Real-time forecasting of infectious diseases has become a crucial component of decision support during public health emergencies. Since 2013, when the US Centers for Disease Control and Prevention (CDC) began hosting an annual influenza forecasting challenge [9], the field of infectious disease forecasting has grown. In the context of influenza, the task is for modelers to supply probabilistic forecasts of influenza-like illness for short-term targets, such as week-ahead incidence, at multiple geographical scales, using a variety of models and methods. From this effort, forecasting attempts for other diseases, such as chikungunya [10], Ebola [11], and West Nile [12], have proliferated in recent years, laying the groundwork for a rapid pivot to forecasting COVID-19 incident cases, deaths, and hospitalizations [13].

However, in the context of predicting impact on the health care system, the stress resulting from COVID-19 cases depends not only on the number of new hospitalized individuals but also on their overlapping periods of hospitalization. To the best of our knowledge, health care use forecasting in a probabilistic sense had not existed prior to the current COVID-19 pandemic. Hospitals had used historical data to make time series– and regression-based projections for long-term planning (ie, planning for the next 1 to 10 years).

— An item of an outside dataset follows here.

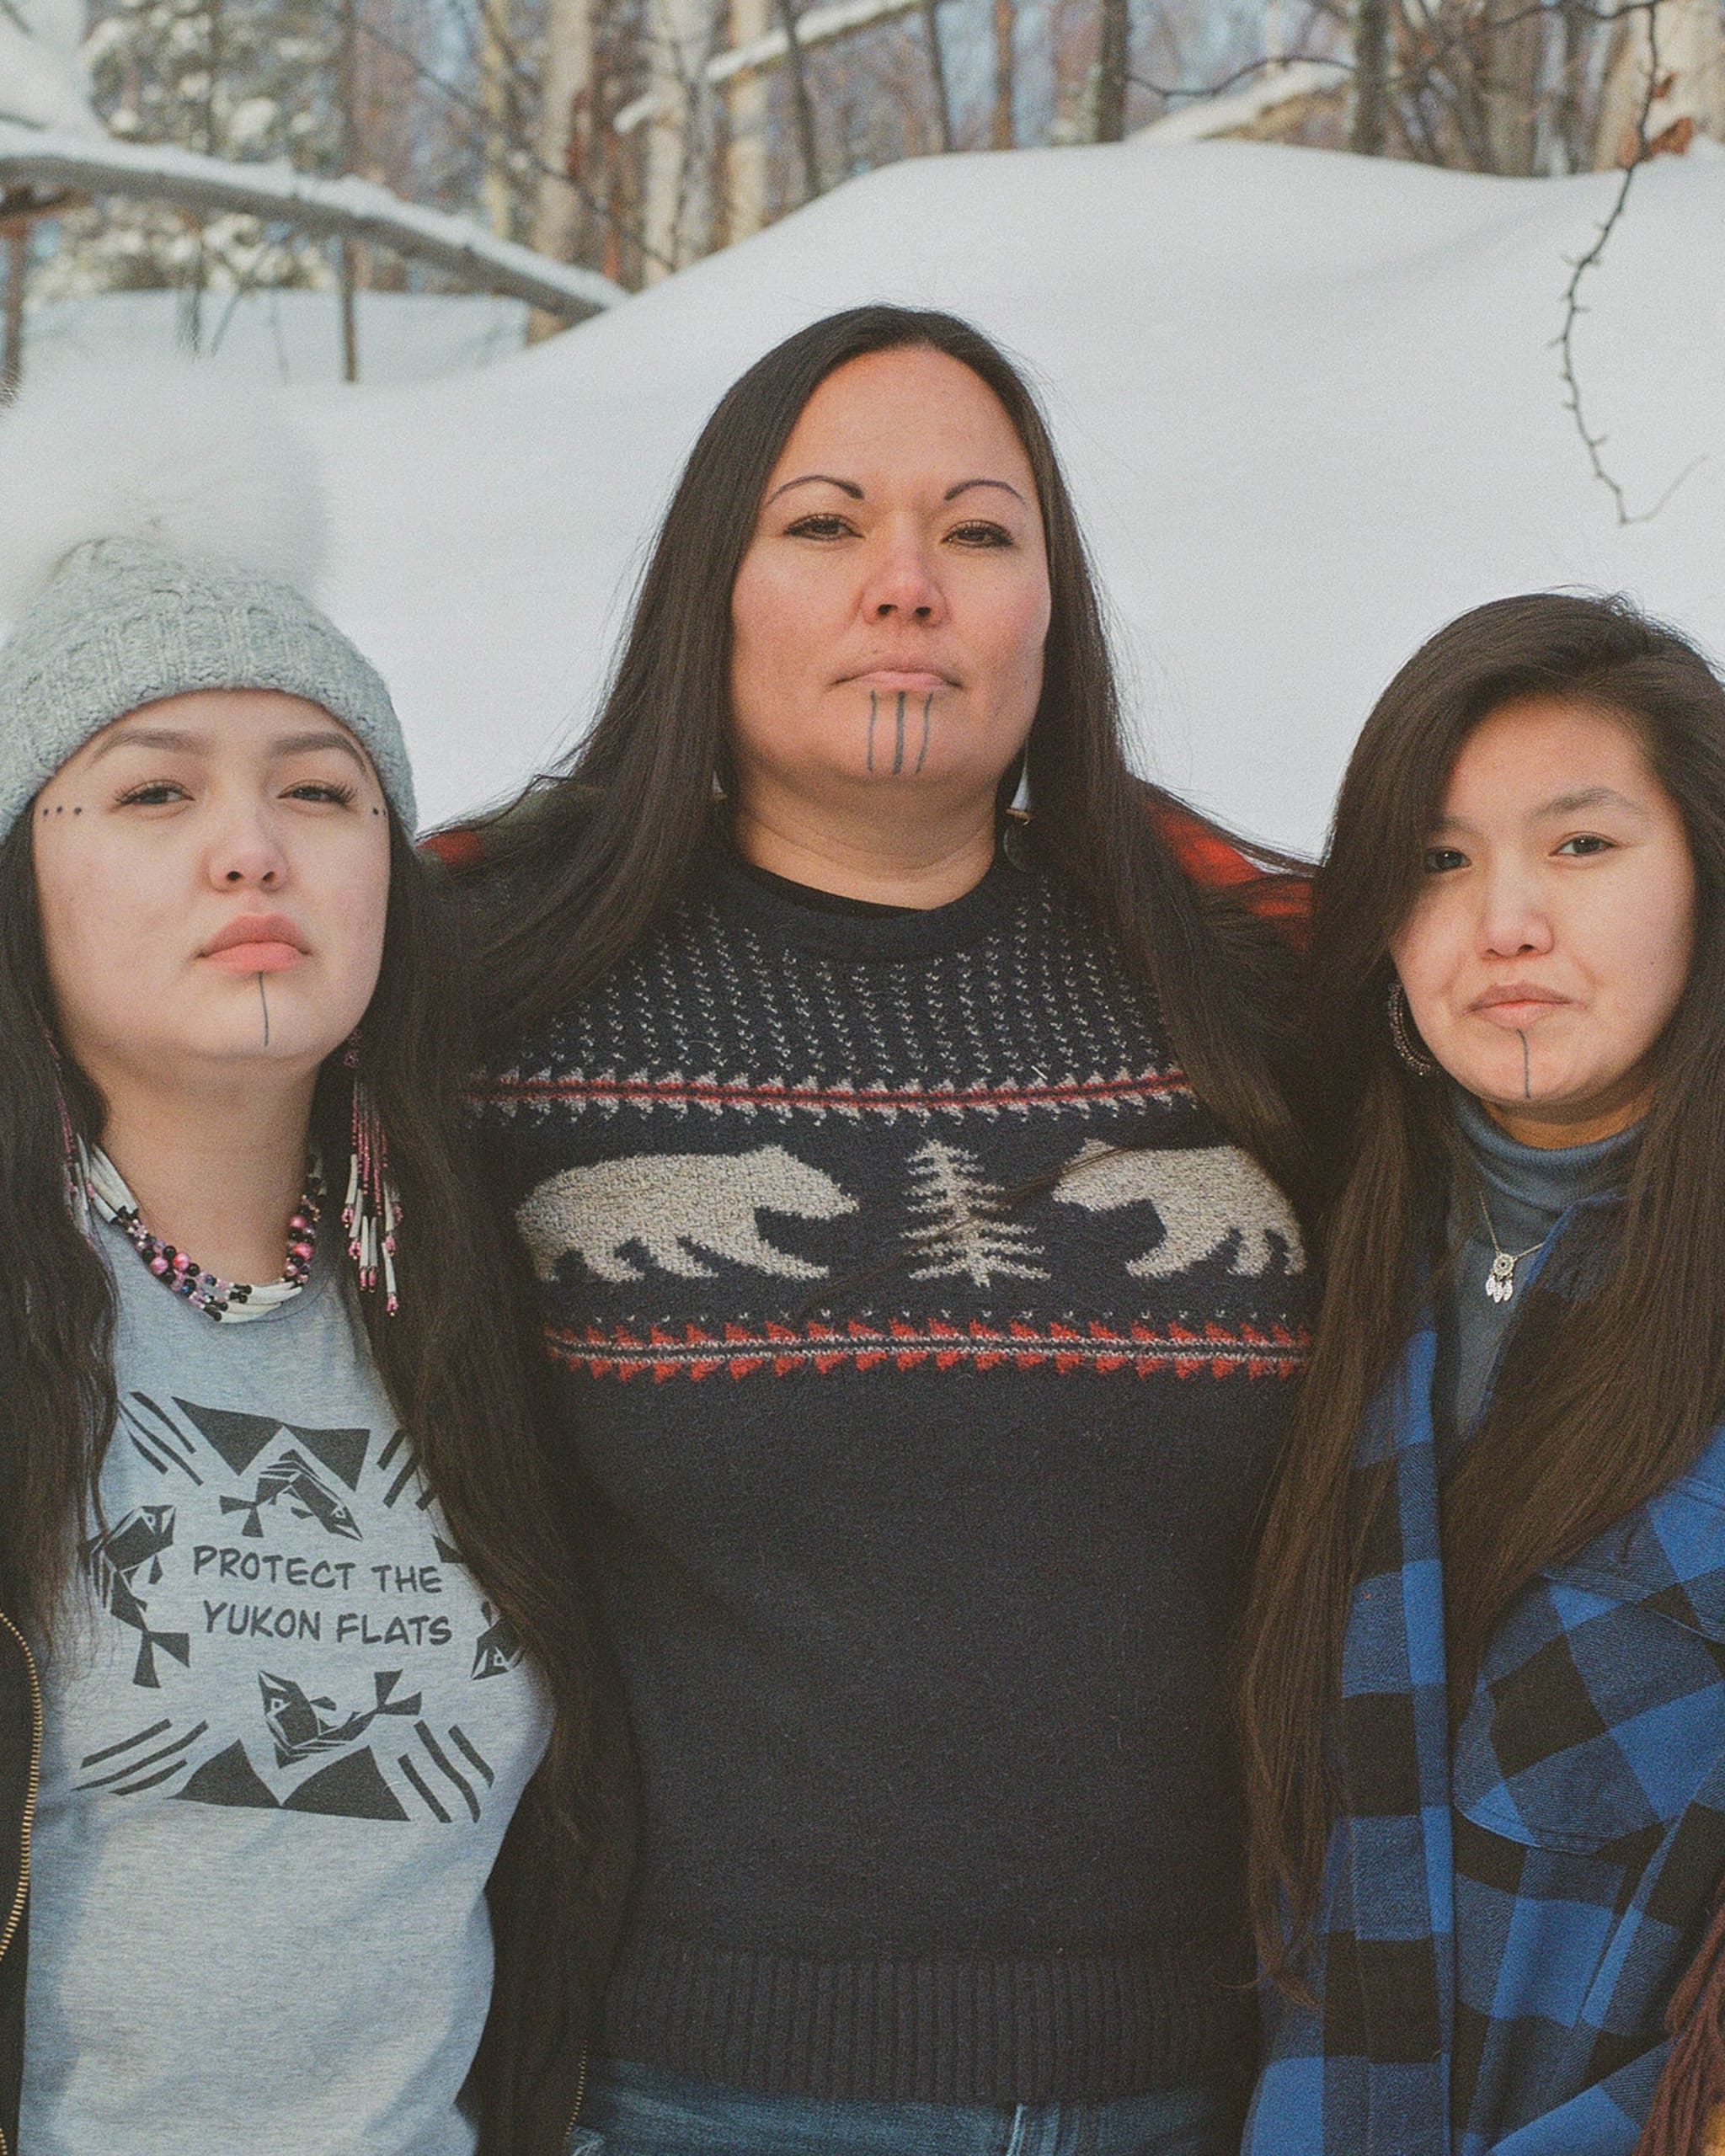 Jody Potts-Joseph with her nieces, Jaelynn Pitka and Lorena in Village-Center-Simon in Fairbanks with traditional tattoos

Generally, these projections examined a single relevant metric, such as average length of stay (ALOS) [14], discharges [15], demand for specific hospital specialties [16], or occupancy/bed need [17,18], and considered the impact of external trends, such as anticipated sociodemographic changes, through consideration of multiple scenarios [18]. Hospitals were also developing short-term forecasting tools of total occupancy or bed use [19-21], total occupancy as predicted by emergency department visits [22], and various emergency department metrics [23-26]. These short-term prediction efforts tended to approach the problem either from a hospital administration perspective, by focusing on operational measures informed by a single hospital’s [19-22] or department’s [23-26] historic data or surgery schedule [27], or from a research perspective by using hospital time series data as a use case for the development and assessment of novel statistical models [28-31] without regard to hospitals as complex systems in response to a burgeoning pandemic.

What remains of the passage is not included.